**RAW DATA:**
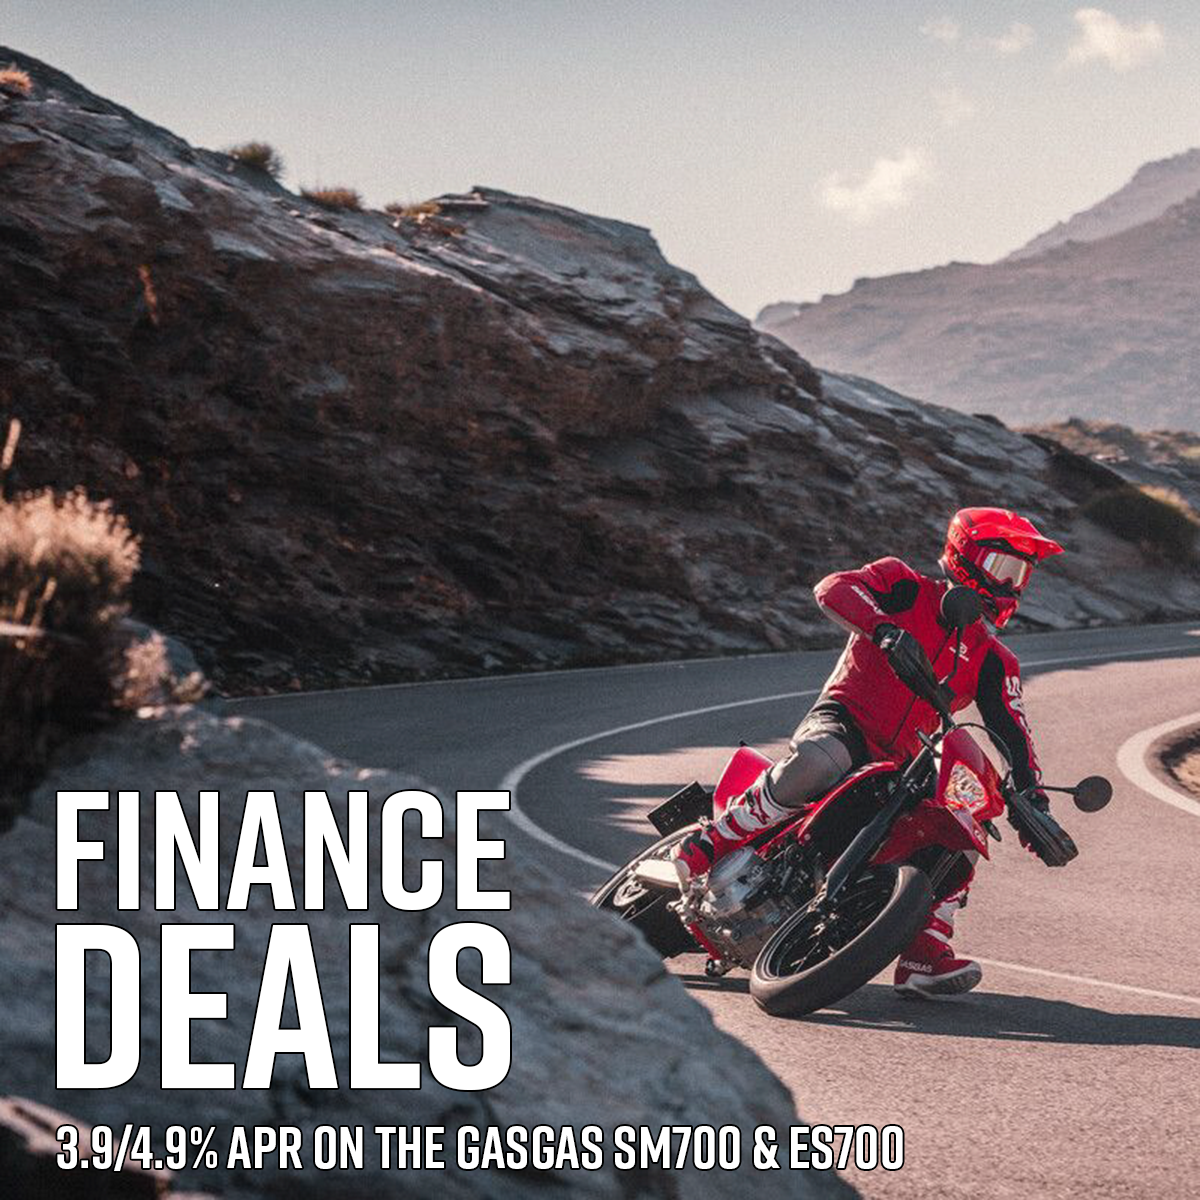 Finance deals on GASGAS SM700 and ES700 models
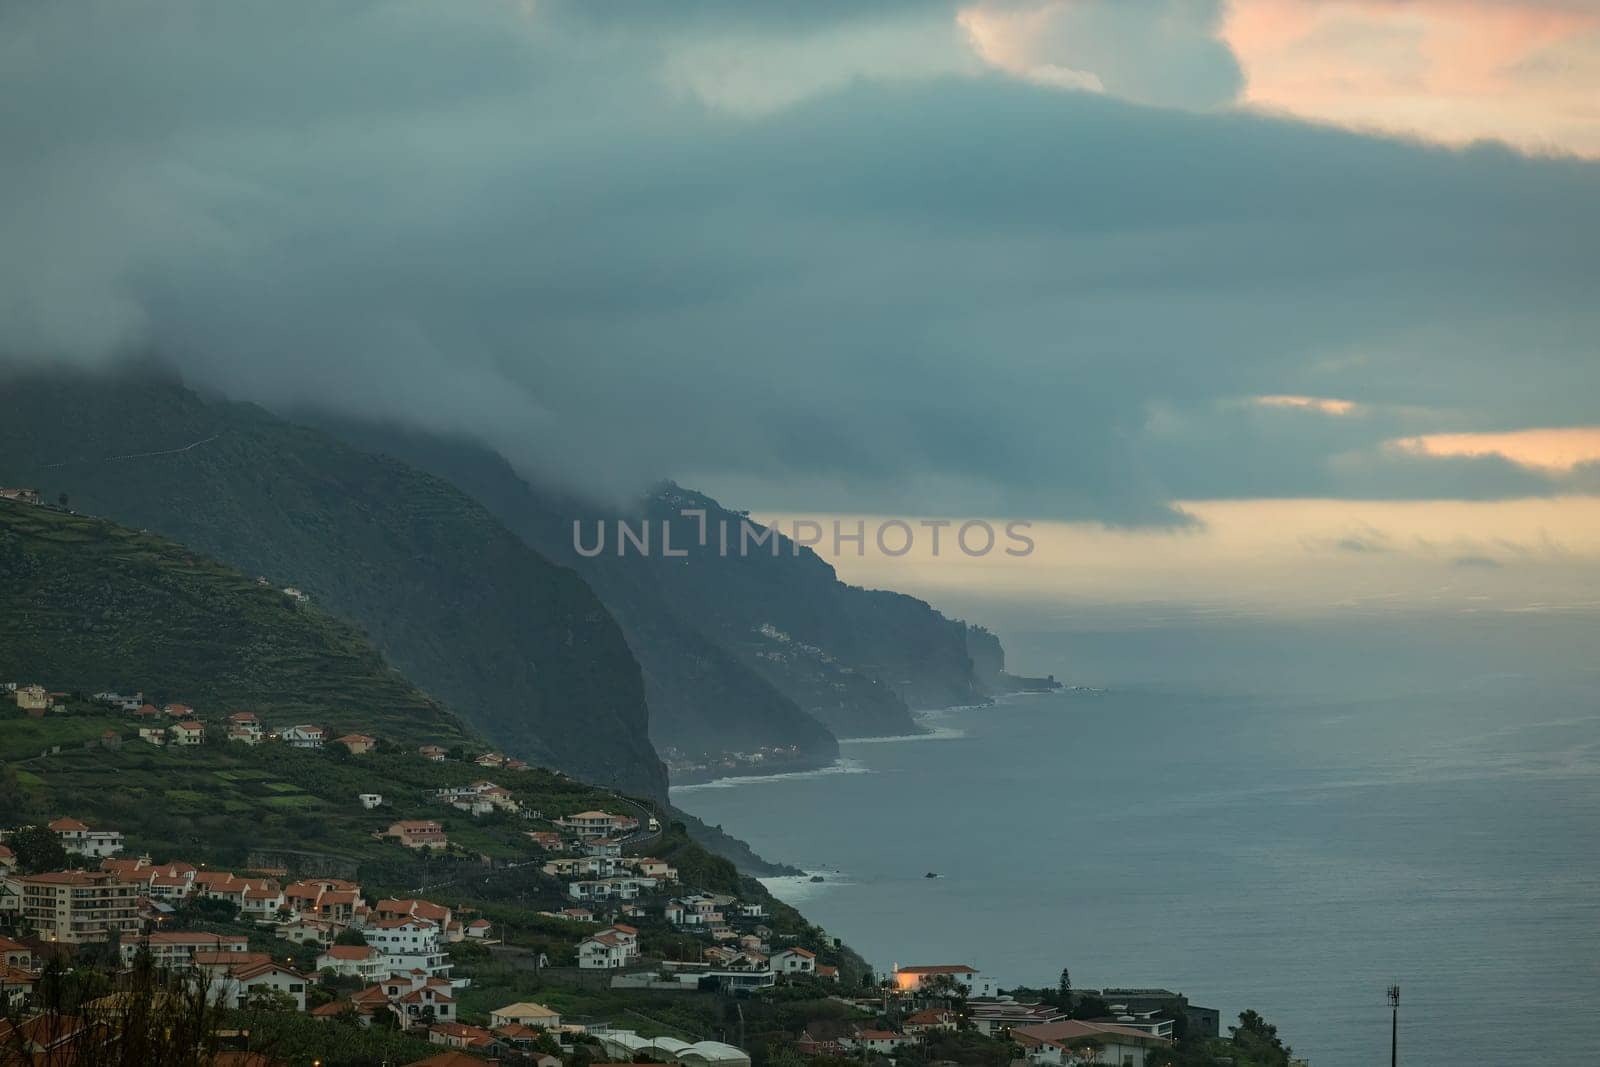 An awe-inspiring landscape of a coastal city, with its majestic mountains reaching out to the sea and surrounded by fog filled clouds. Madeira, Spain
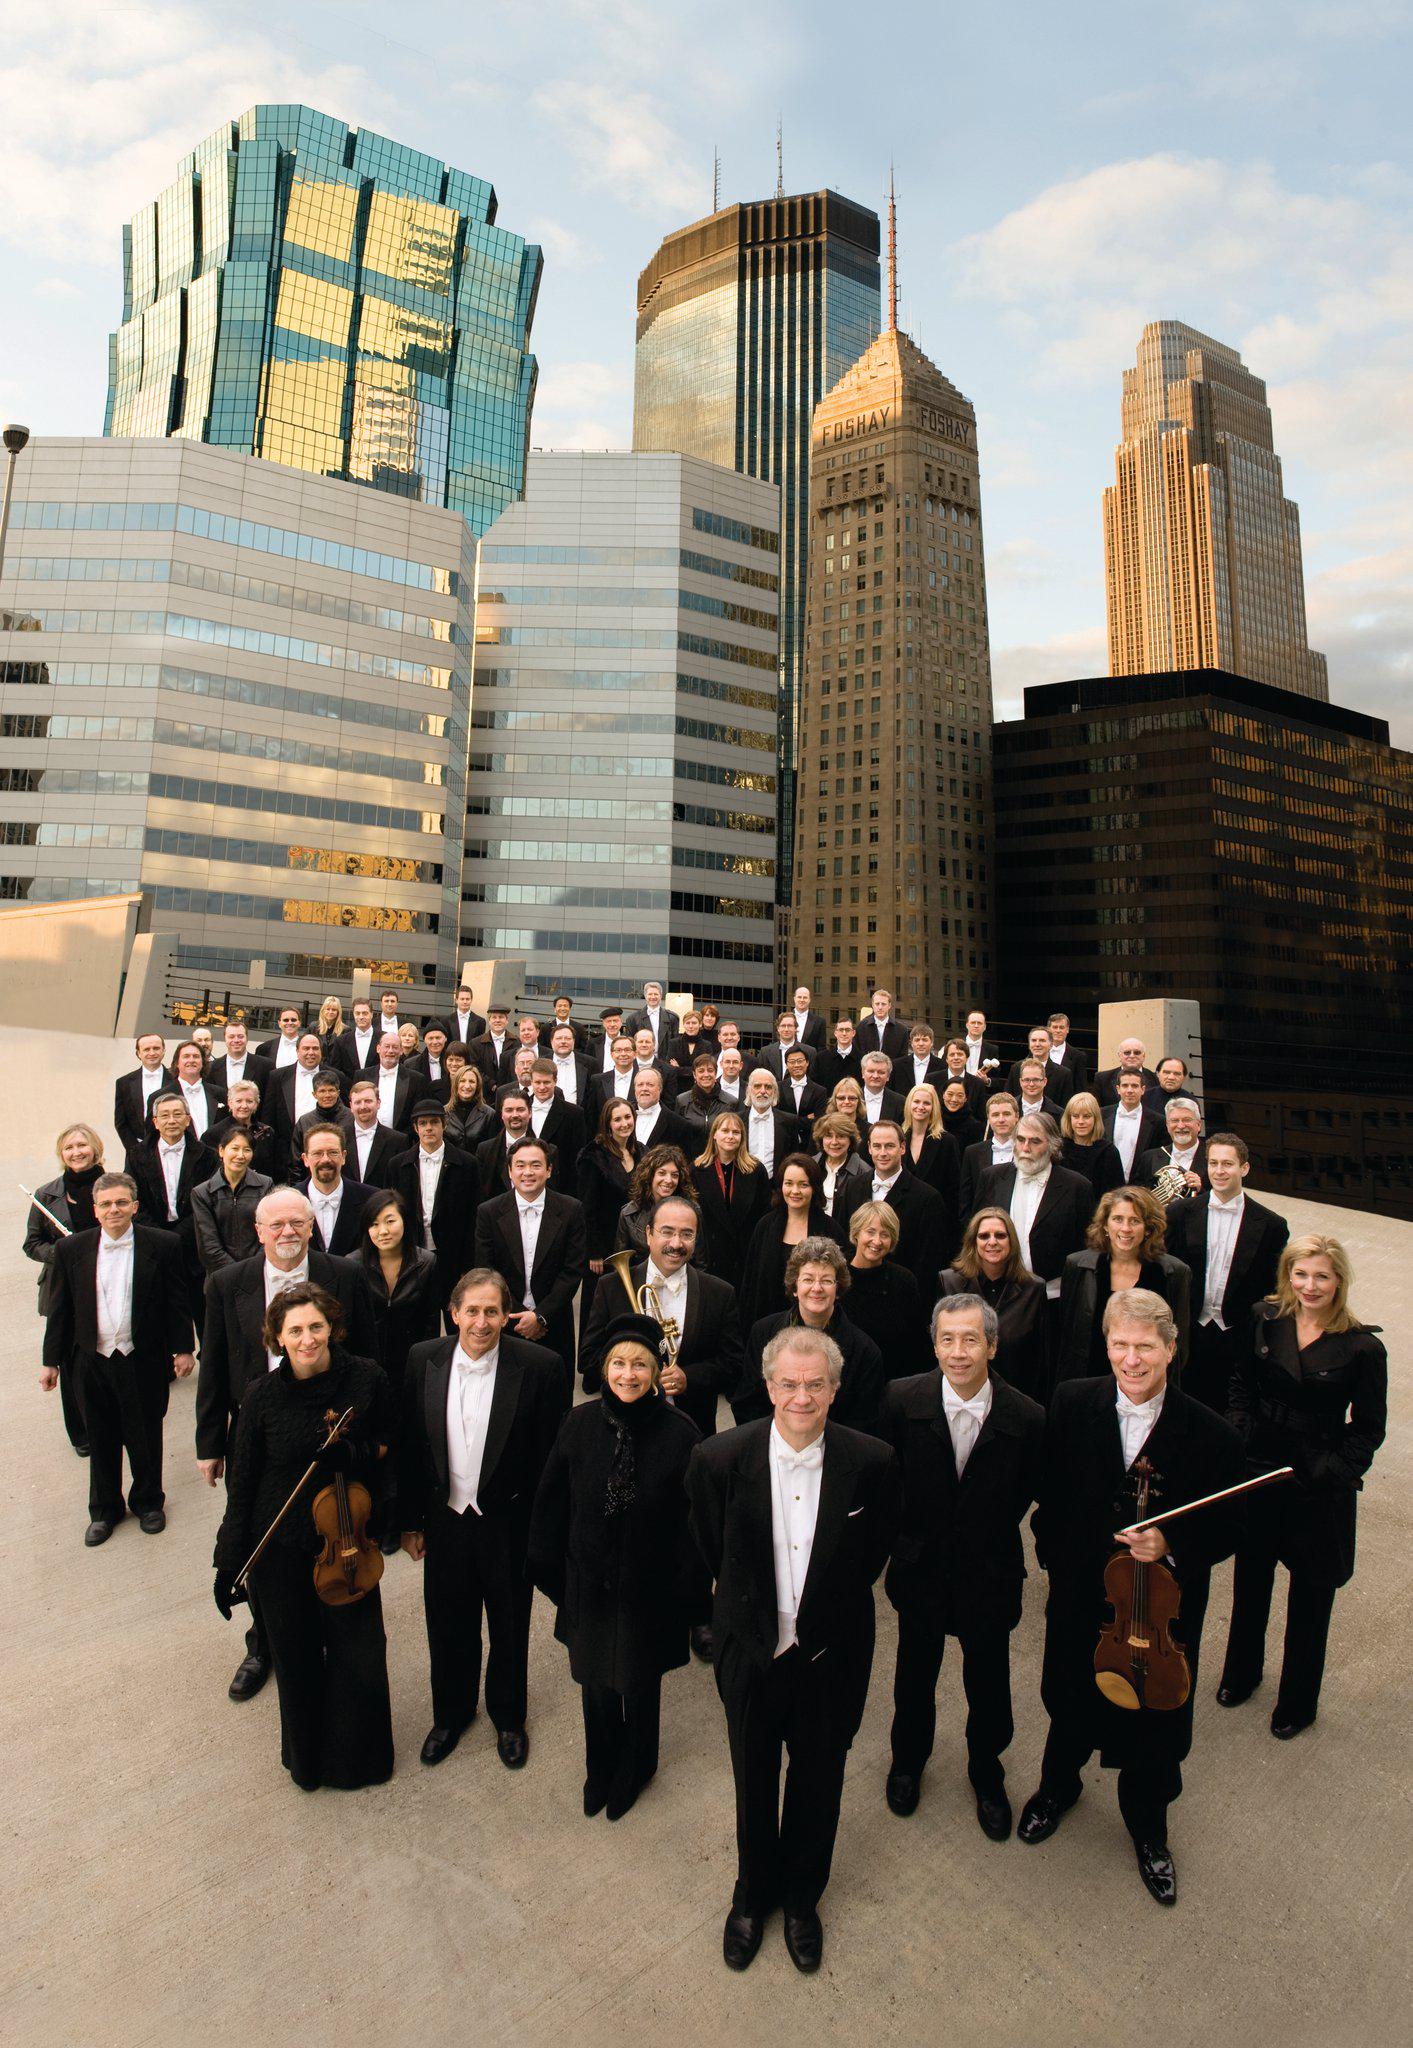 Minnesota Orchestra at Orchestra Hall

**EXERCISE DIRECTIONS:** The response must restate each line of the material above exactly and contain no images.

**WRITTEN ANSWER:**
 Finance deals on GASGAS SM700 and ES700 models
 An awe-inspiring landscape of a coastal city, with its majestic mountains reaching out to the sea and surrounded by fog filled clouds. Madeira, Spain
 Minnesota Orchestra at Orchestra Hall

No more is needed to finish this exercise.